Question

If ${I_n} = \int\limits_0^\infty {{e^{ - x}}} {x^{n - 1}}dx,$ then $\int\limits_0^\infty {{e^{ - \lambda x}}{x^{n - 1}}dx}$ is equal to which of the following options?
A) $\lambda {I_n}$
B) $\dfrac{1}{\lambda }{I_n}$
C) $\dfrac{{{I_n}}}{{{\lambda ^n}}}$
D) ${\lambda ^n}{I_n}$

Answer 1

In this question, we are given an equation in integration and we have been asked the value of another similar equation. Using the given equation, we have to find the value of another equation in terms of the given equation. Start by the equation which has $\lambda$ in it and substitute $\lambda x$ by some other variable. Then differentiate this and put in the equation with which we started. Simplify the equation and take $\lambda$ common. After that, use the property of changing the variable directly and change it into ‘x’. The final equation will be equal to that given in the question. Substitute the value given in question and you will get the final answer.

Complete step-by-step answer:
We are given an equation ${I_n} = \int\limits_0^\infty {{e^{ - x}}} {x^{n - 1}}dx$ and we have been asked to find the value of $\int\limits_0^\infty {{e^{ - \lambda x}}{x^{n - 1}}dx}$. We will start by taking $\int\limits_0^\infty {{e^{ - \lambda x}}{x^{n - 1}}dx}$.
$\Rightarrow \int\limits_0^\infty {{e^{ - \lambda x}}{x^{n - 1}}dx}$ …………..…. (1)
We will substitute $\lambda x = t$
Differentiating both the sides with respect to x,
$\Rightarrow \lambda = \dfrac{{dt}}{{dx}}$
$\Rightarrow dx = \dfrac{{dt}}{\lambda }$
Now we will substitute this in equation (1) to bring it in terms of ‘t’,
$\Rightarrow \int\limits_0^\infty {{e^{ - t}}{{\left( {\dfrac{t}{\lambda }} \right)}^{n - 1}}\dfrac{{dt}}{\lambda }}$
On simplifying we will get,
$\Rightarrow \int\limits_0^\infty {{e^{ - t}}\dfrac{{{t^{n - 1}}}}{{{\lambda ^{n - 1}}}}\dfrac{{dt}}{\lambda }}$
Now, we will simplify the denominator,
$\Rightarrow \int\limits_0^\infty {{e^{ - t}}\dfrac{{{t^{n - 1}}}}{{{\lambda ^{n - 1 + 1}}}}dt}$ …. (Using property ${a^b} \times {a^c} = {a^{b + c}}$)
$\Rightarrow \int\limits_0^\infty {{e^{ - t}}\dfrac{{{t^{n - 1}}}}{{{\lambda ^n}}}dt}$
Now, we will take out ${\lambda ^n}$ common,
$\Rightarrow \dfrac{1}{{{\lambda ^n}}}\int\limits_0^\infty {{e^{ - t}}{t^{n - 1}}dt}$
We will again change this equation in terms of ‘x’. As per a property of integration, we can change the variables.
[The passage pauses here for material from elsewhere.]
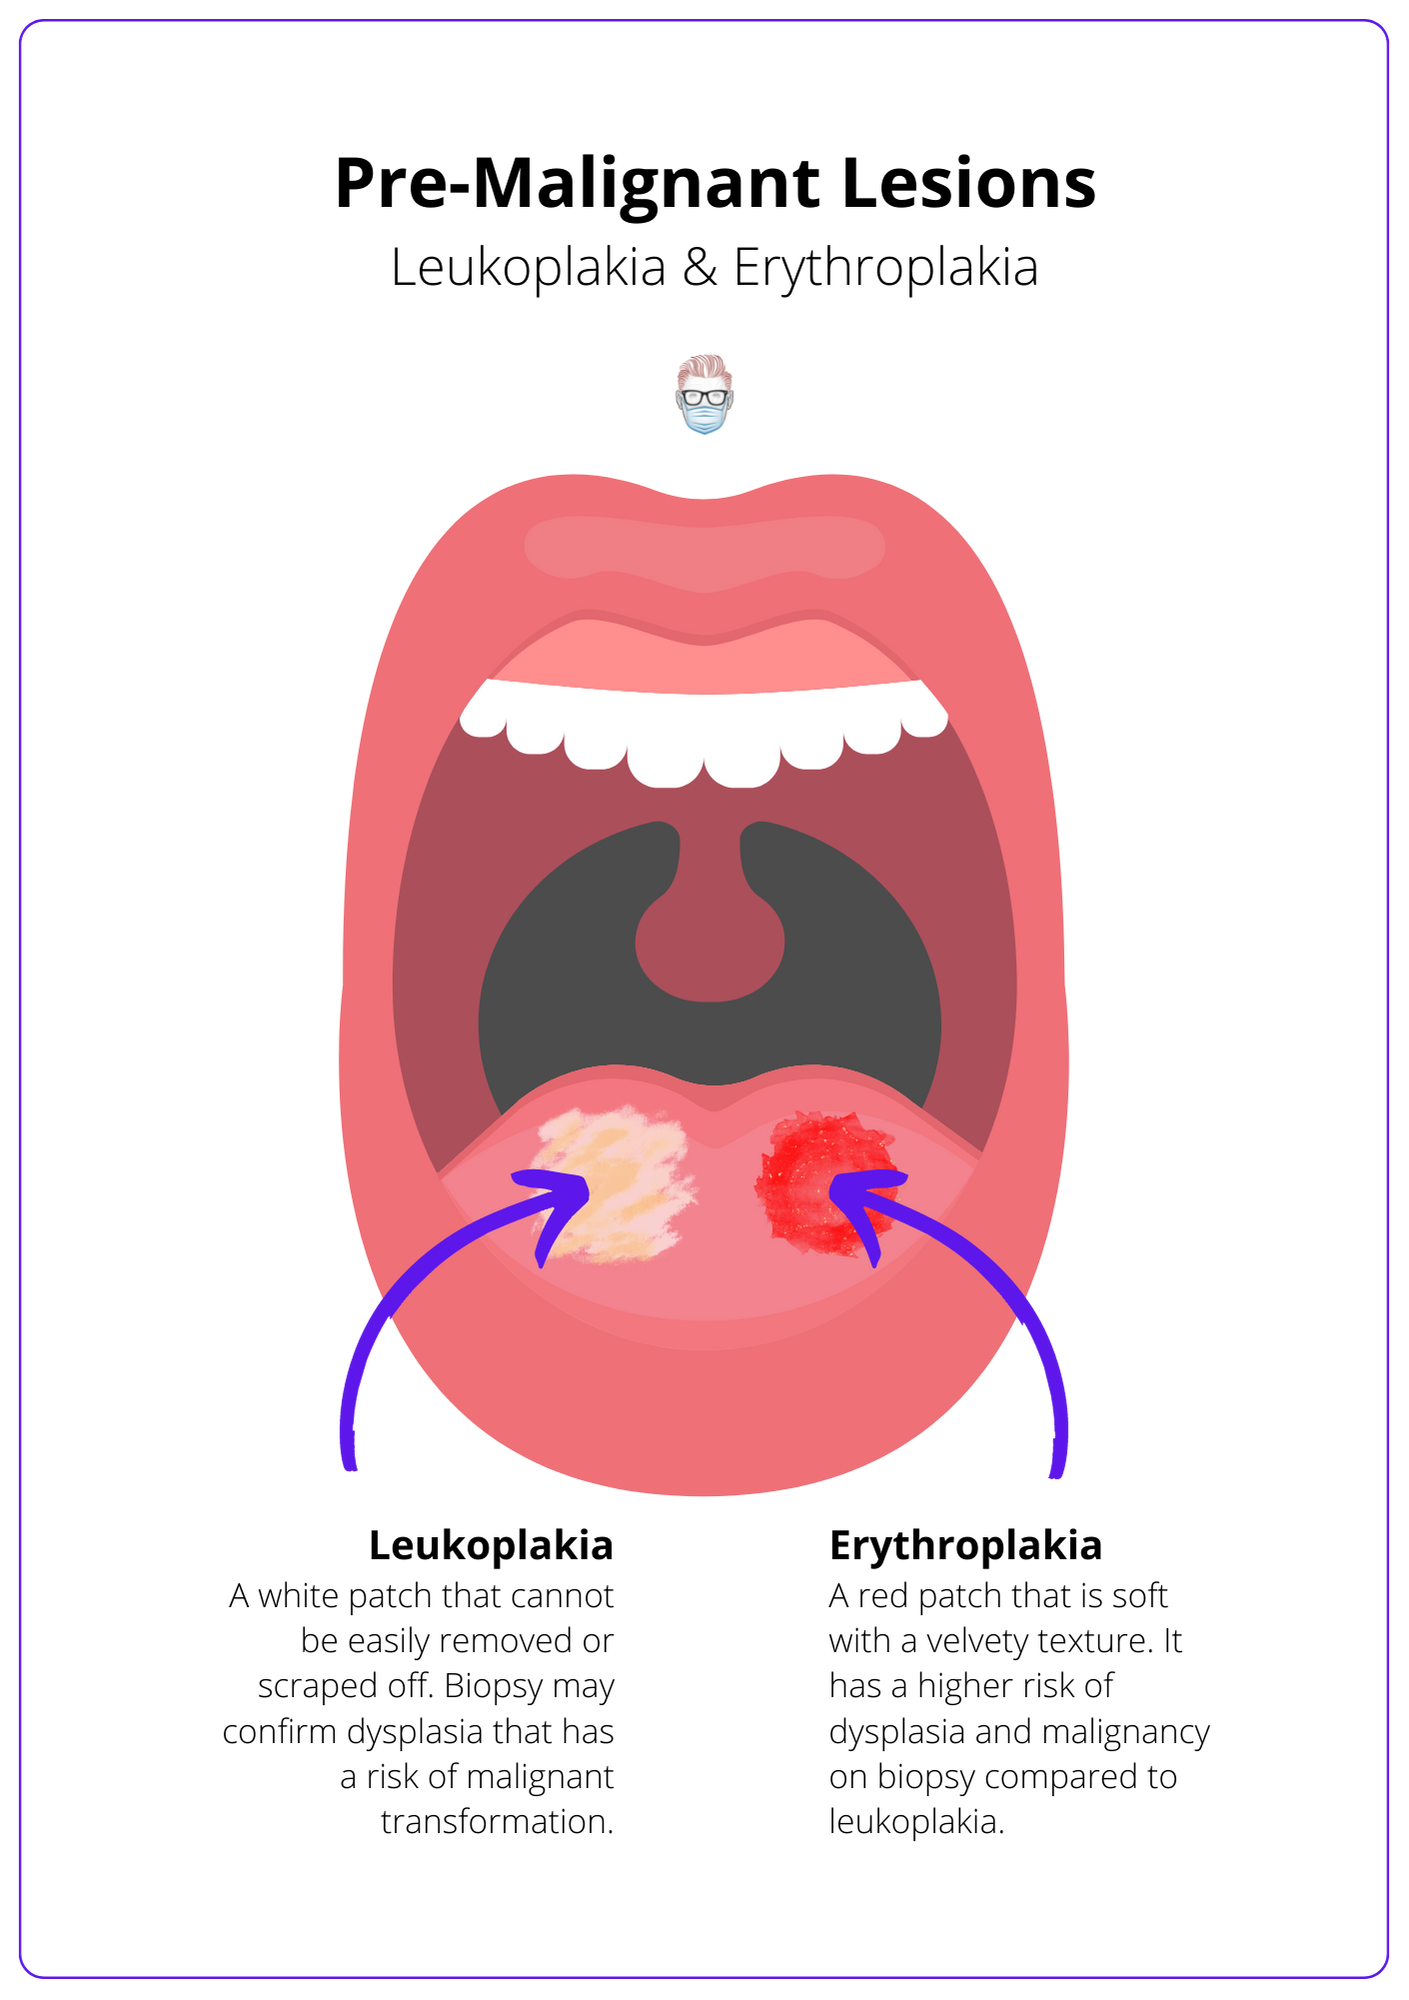 Leukoplakia and Erythroplakia are premalignant lesions for oral cavity tumours, SCCs and squamous cell cancers

So, we will change ‘t’ into ‘x’.
$\Rightarrow \dfrac{1}{{{\lambda ^n}}}\int\limits_0^\infty {{e^{ - x}}{x^{n - 1}}dx}$ ………..…. (2)
Now, if you see clearly, you will notice that this same equation is given in the question and it is equal to ${I_n}$.
Putting, ${I_n} = \int\limits_0^\infty {{e^{ - x}}} {x^{n - 1}}dx$ in equation (2),
$\Rightarrow \dfrac{1}{{{\lambda ^n}}}{I_n}$
Therefore, $\int\limits_0^\infty {{e^{ - \lambda x}}{x^{n - 1}}dx}$ = $\dfrac{1}{{{\lambda ^n}}}{I_n}$

Option C is the correct answer.

Note: We can observe that in mathematics, the exponential integral is the special function on the complex plane. It is defined as one particular definite integral of the ratio between an exponential function and its argument.